» **WHAT YOU ARE ASKED TO DO**
Beginning with the line that contains "UEFA EURO 2024 Vorrunde, Gruppe E", print each line to the end of the data exactly. Omit the pictures.

» **DATASET EXTRACT**

= Beginning of Section =

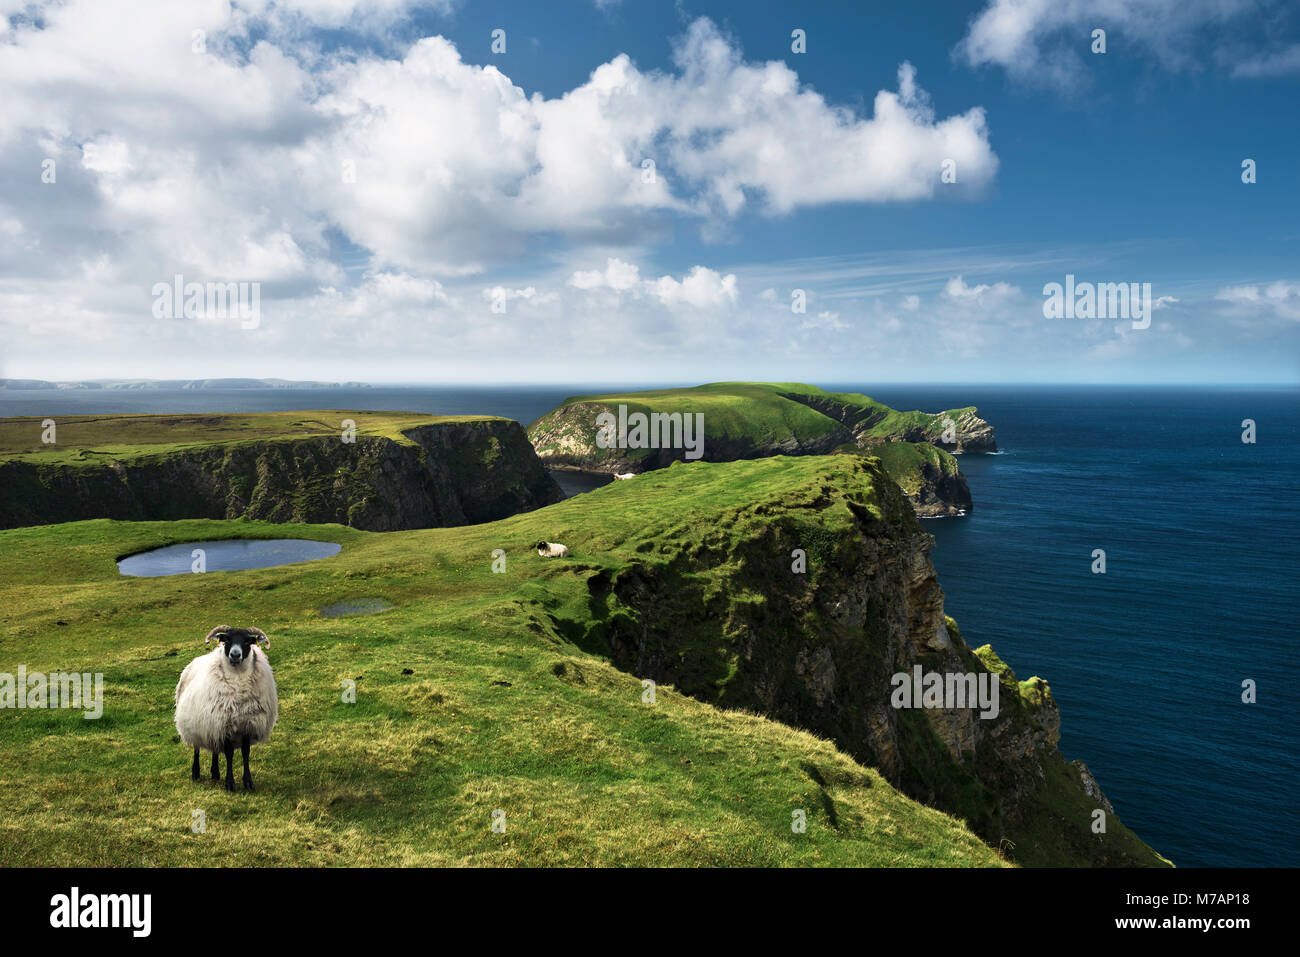 Sheep at grassy cliffs at Benwee Head, Ireland Stock Photo
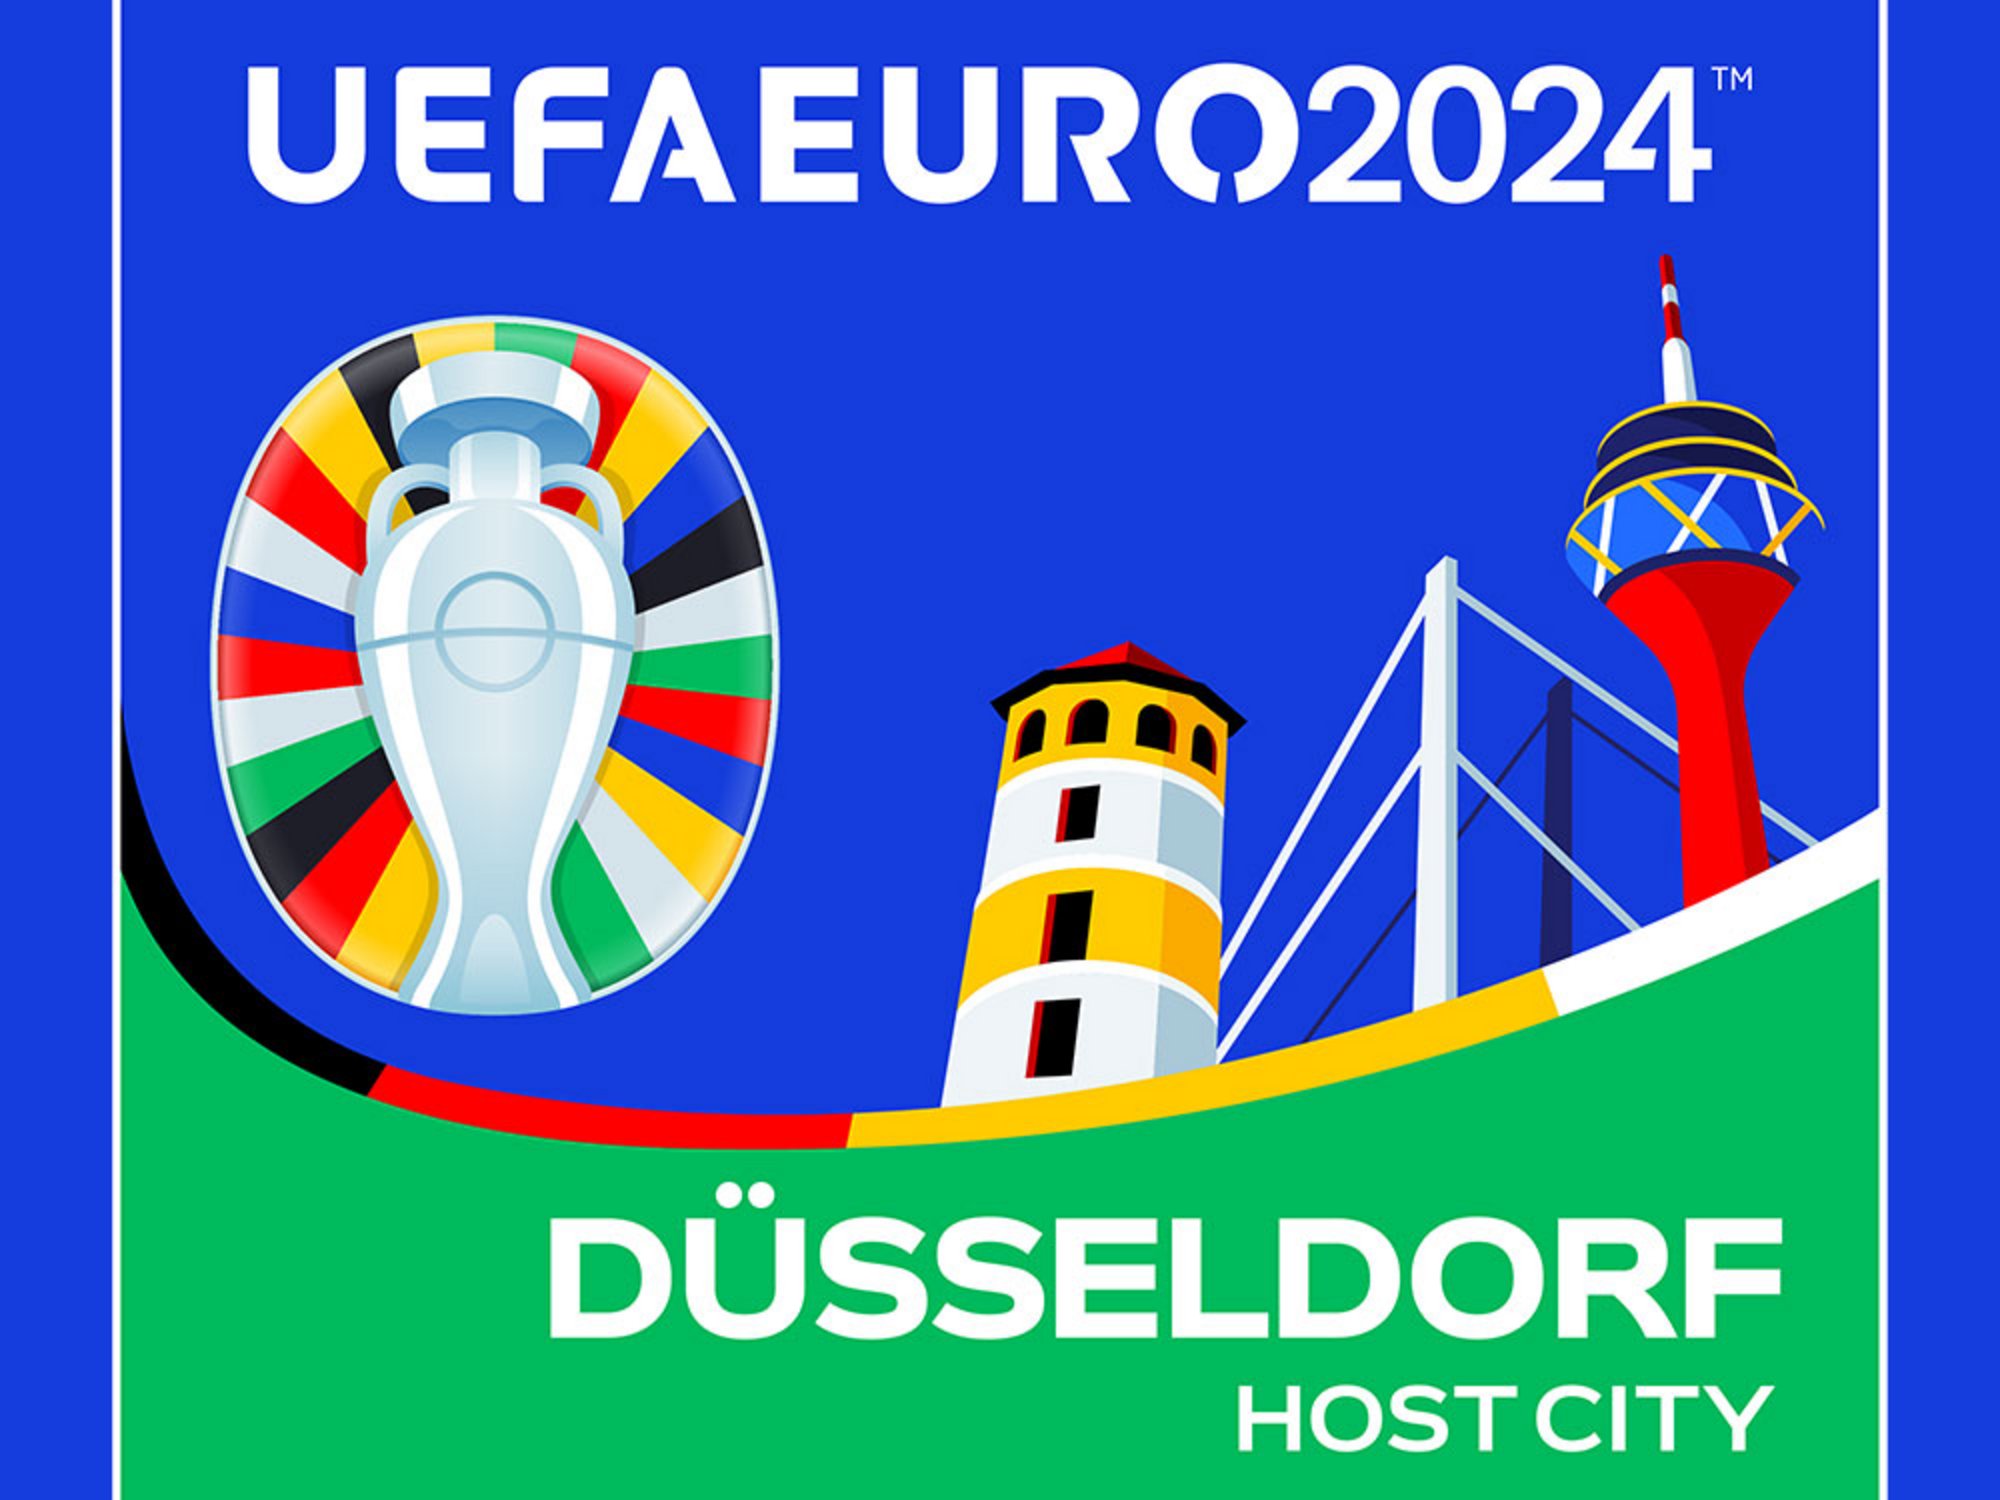 UEFA EURO 2024 Vorrunde, Gruppe E
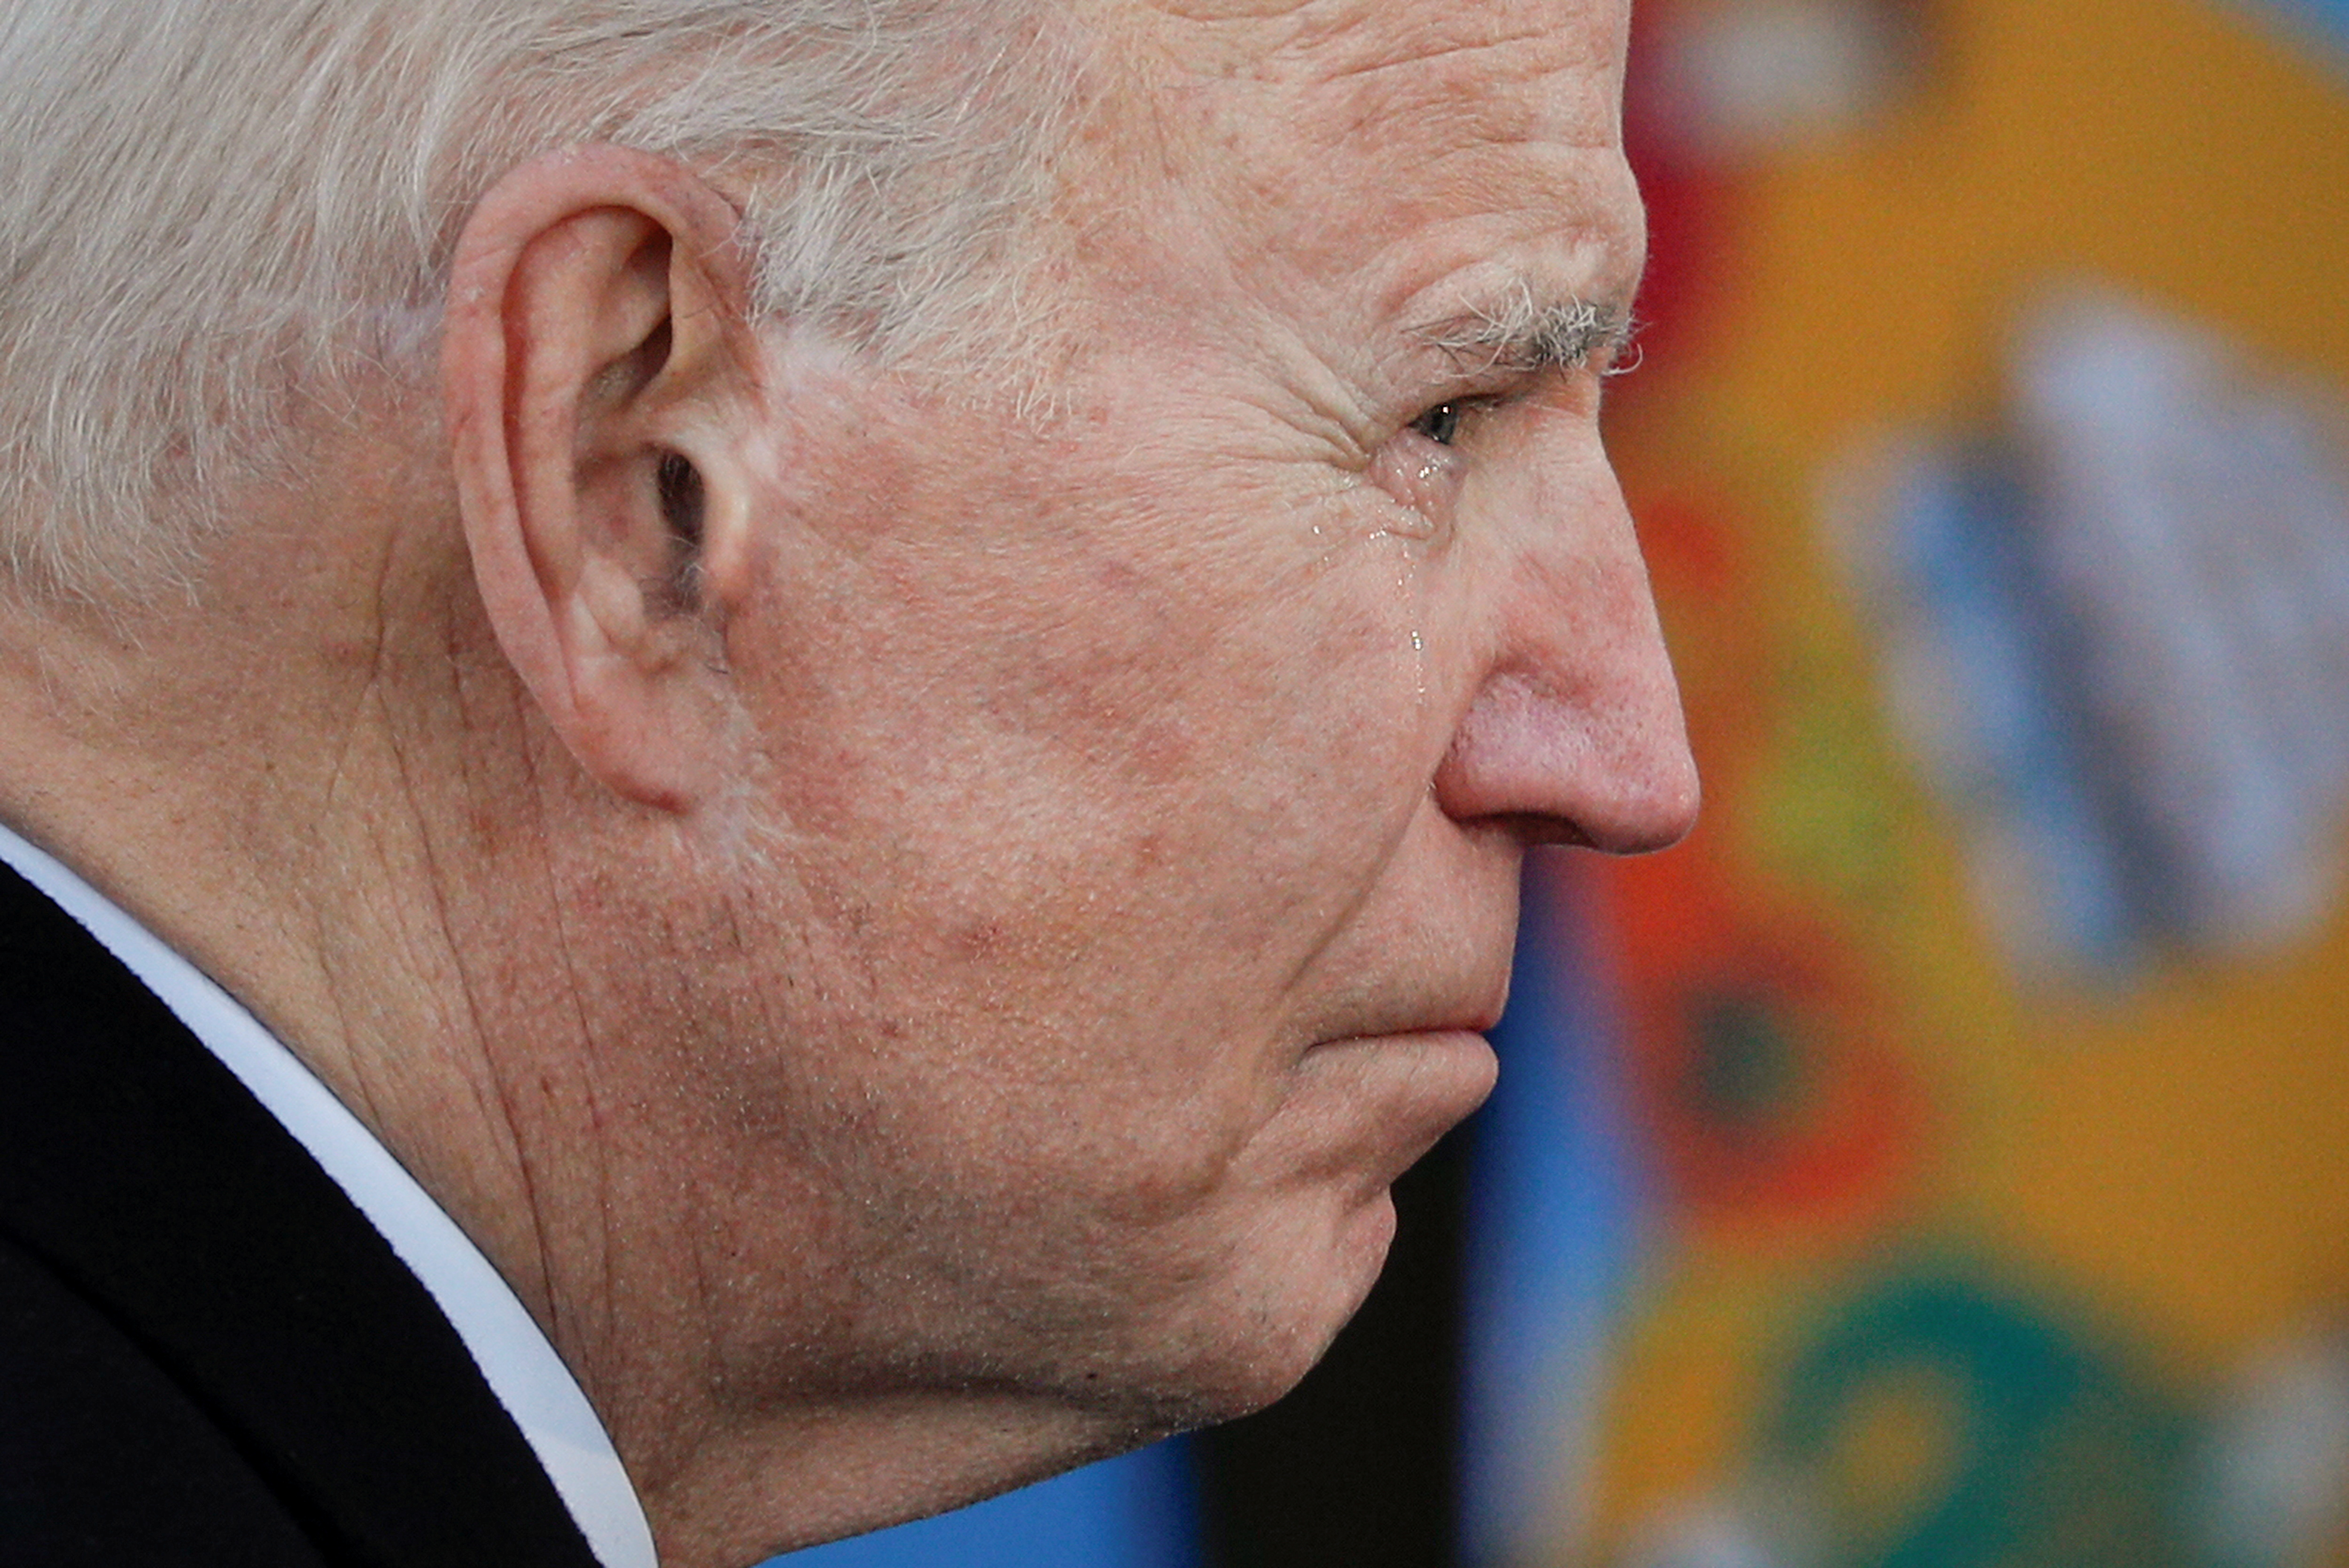 Biden asume —expresó su jefe de gabinete— en el medio de “cuatro crisis que se superponen y se agravan: la crisis de COVID-19, la crisis económica resultante, la crisis del clima y una crisis de igualdad racial”. (REUTERS/Tom Brenner)

= End of Section =

» **OUTPUT FOR THIS EXERCISE**
 UEFA EURO 2024 Vorrunde, Gruppe E
 Biden asume —expresó su jefe de gabinete— en el medio de “cuatro crisis que se superponen y se agravan: la crisis de COVID-19, la crisis económica resultante, la crisis del clima y una crisis de igualdad racial”. (REUTERS/Tom Brenner)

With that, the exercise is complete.